══ Given material
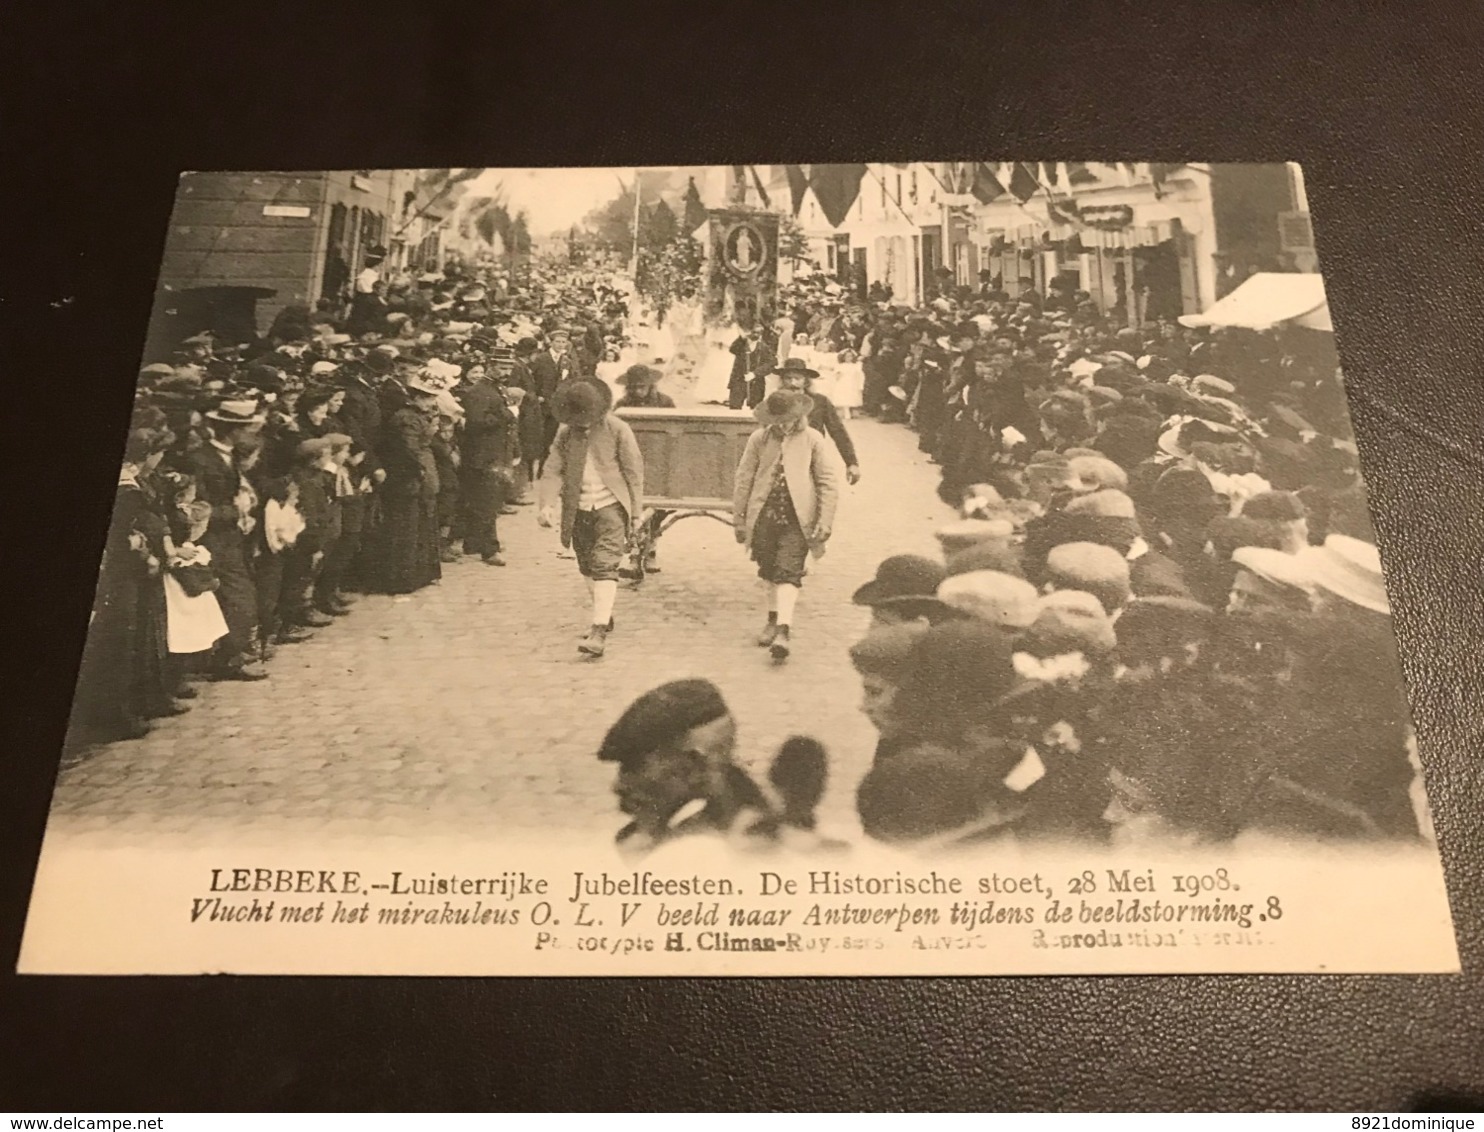 Lebbeke - Luisterrijke Jubelfeesten Stoet 28 Mei 1908 - Photo Climan-Ruyssers - Vlucht Mariabeeld Tijdens  Beeldenstorm - Lebbeke
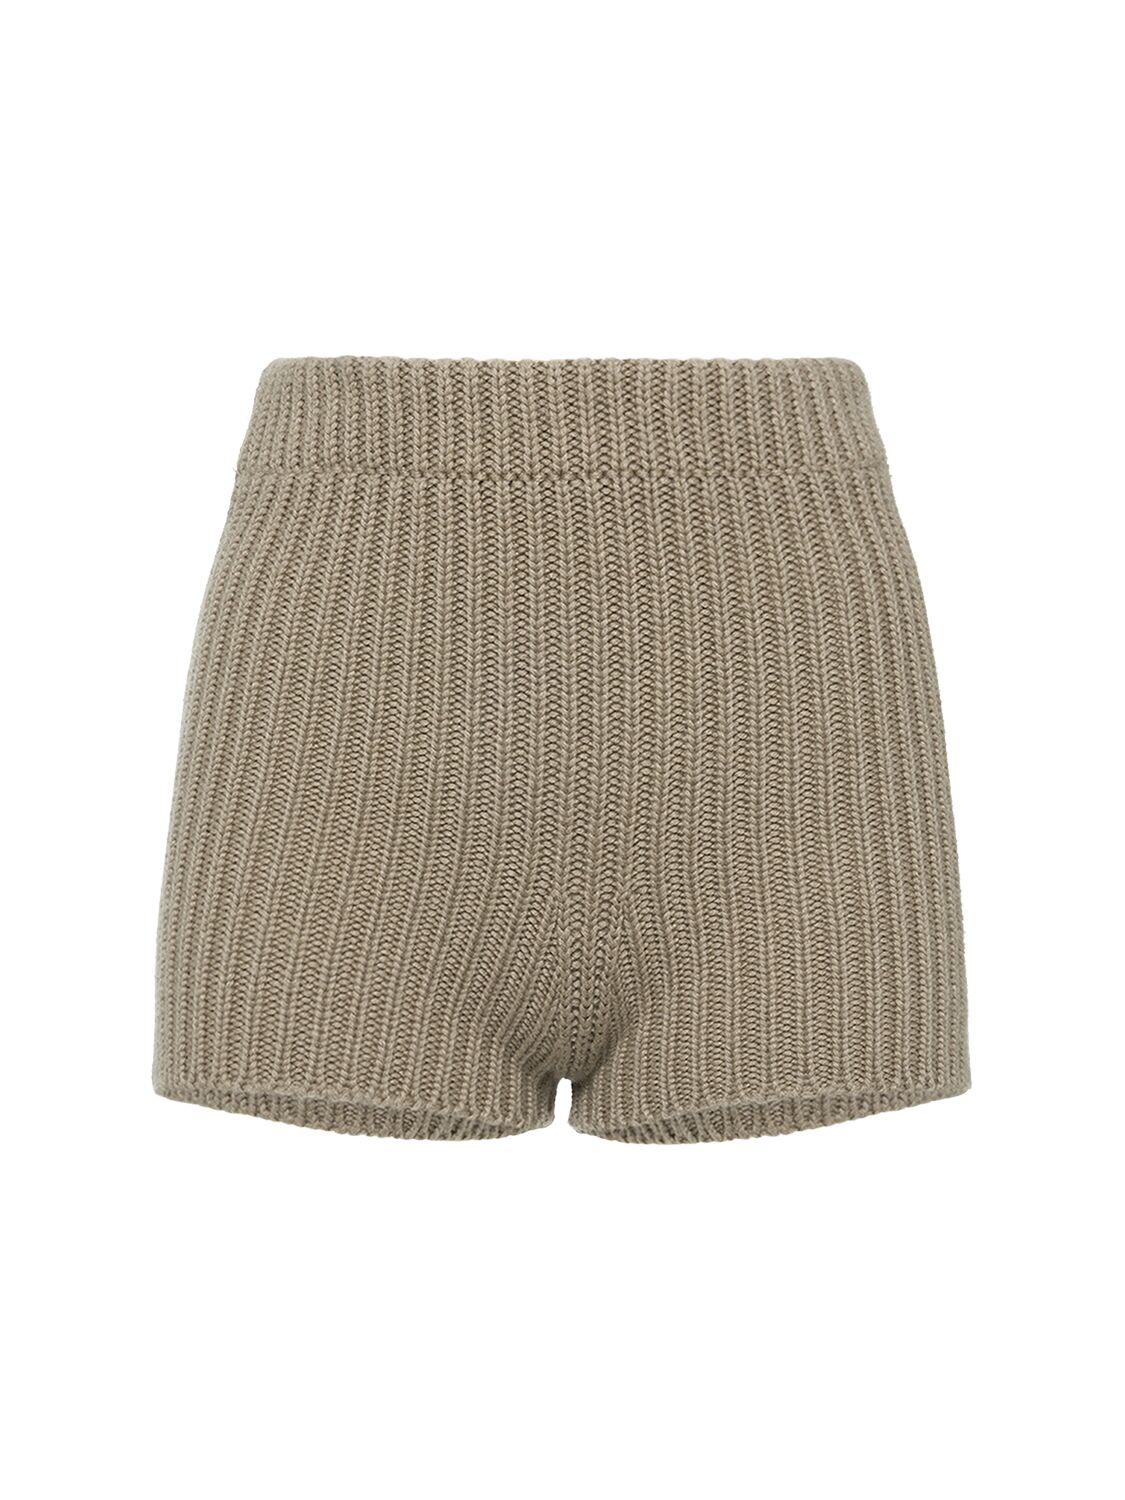 Max Mara Acceso1234 Cotton Rib Knit Shorts In Khaki
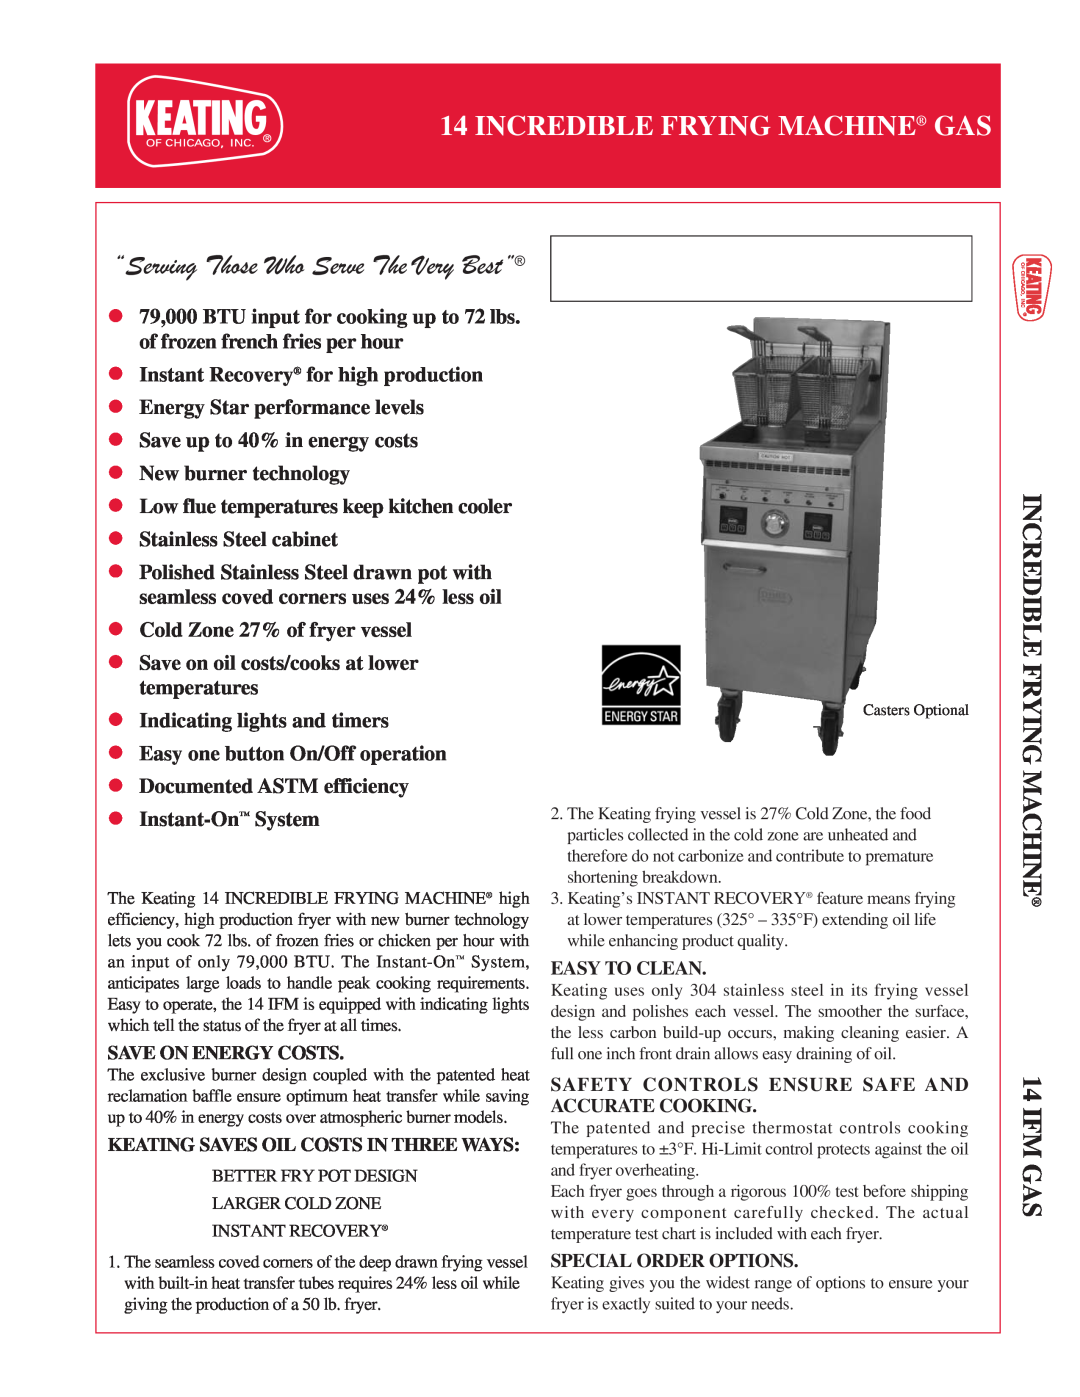 Keating Of Chicago 14IFM manual Incredible Frying Machine Gas, INCREDIBLE FRYING MACHINE 14 IFM GAS 
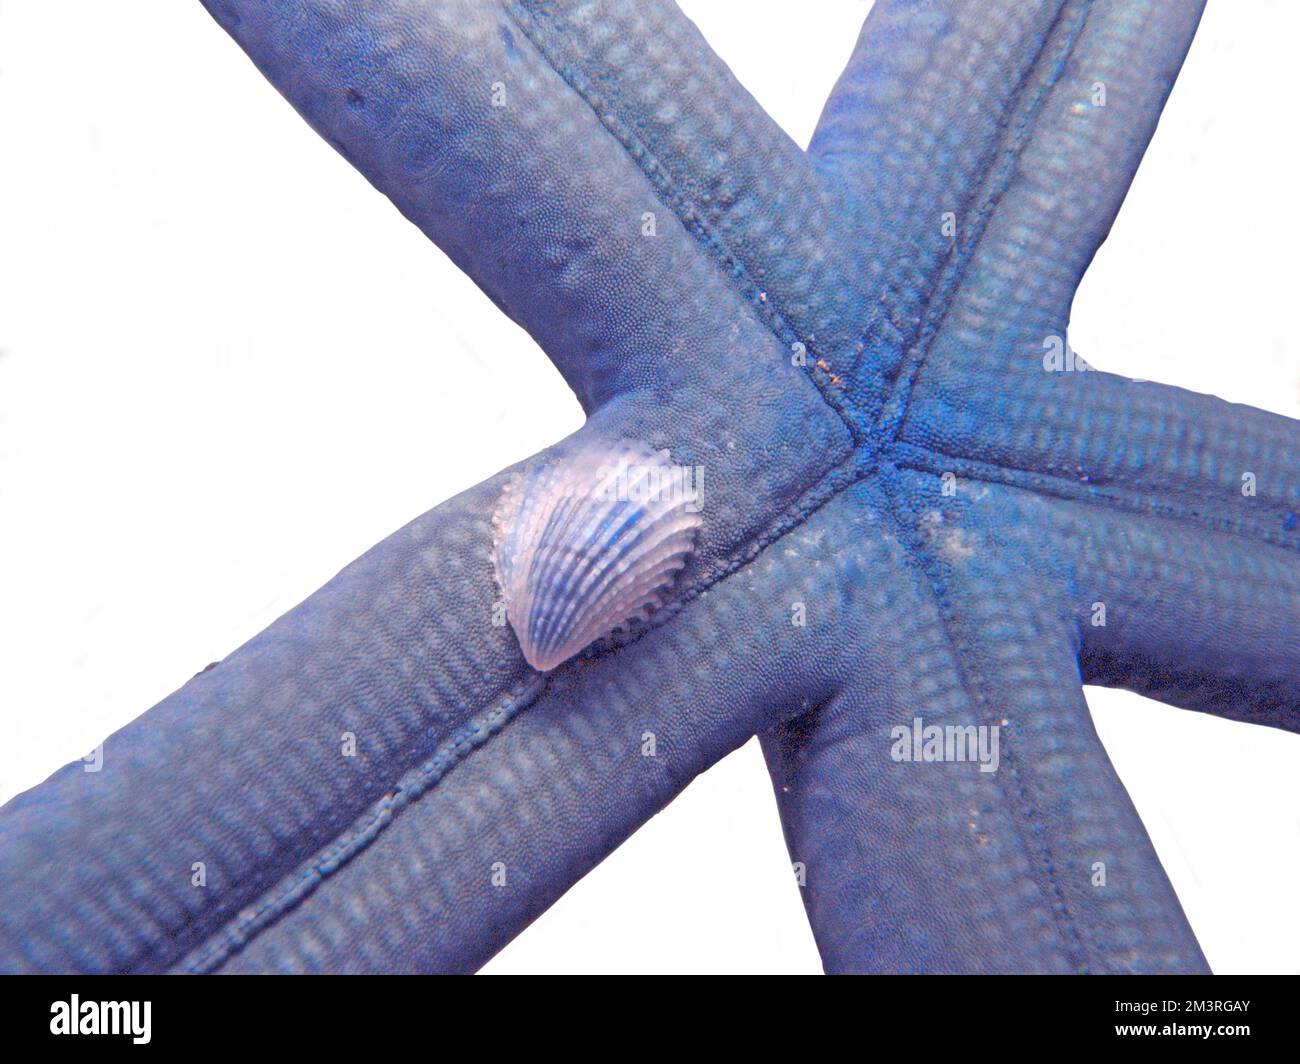 Linckia bleu (Linckia laevigata) avec escargot parasite (Thyca), parasite, ectoparasite, autonome, récif de corail, Indo-Pacific, Cebu, Philippines Banque D'Images
════
- Problem -
Set down all of the material above exactly as written, leaving the pictures out.

- Answer to this task -
 Lebbeke - Luisterrijke Jubelfeesten Stoet 28 Mei 1908 - Photo Climan-Ruyssers - Vlucht Mariabeeld Tijdens  Beeldenstorm - Lebbeke
 Max Mara Acceso1234 Cotton Rib Knit Shorts In Khaki
 Keating Of Chicago 14IFM manual Incredible Frying Machine Gas, INCREDIBLE FRYING MACHINE 14 IFM GAS 
 Linckia bleu (Linckia laevigata) avec escargot parasite (Thyca), parasite, ectoparasite, autonome, récif de corail, Indo-Pacific, Cebu, Philippines Banque D'Images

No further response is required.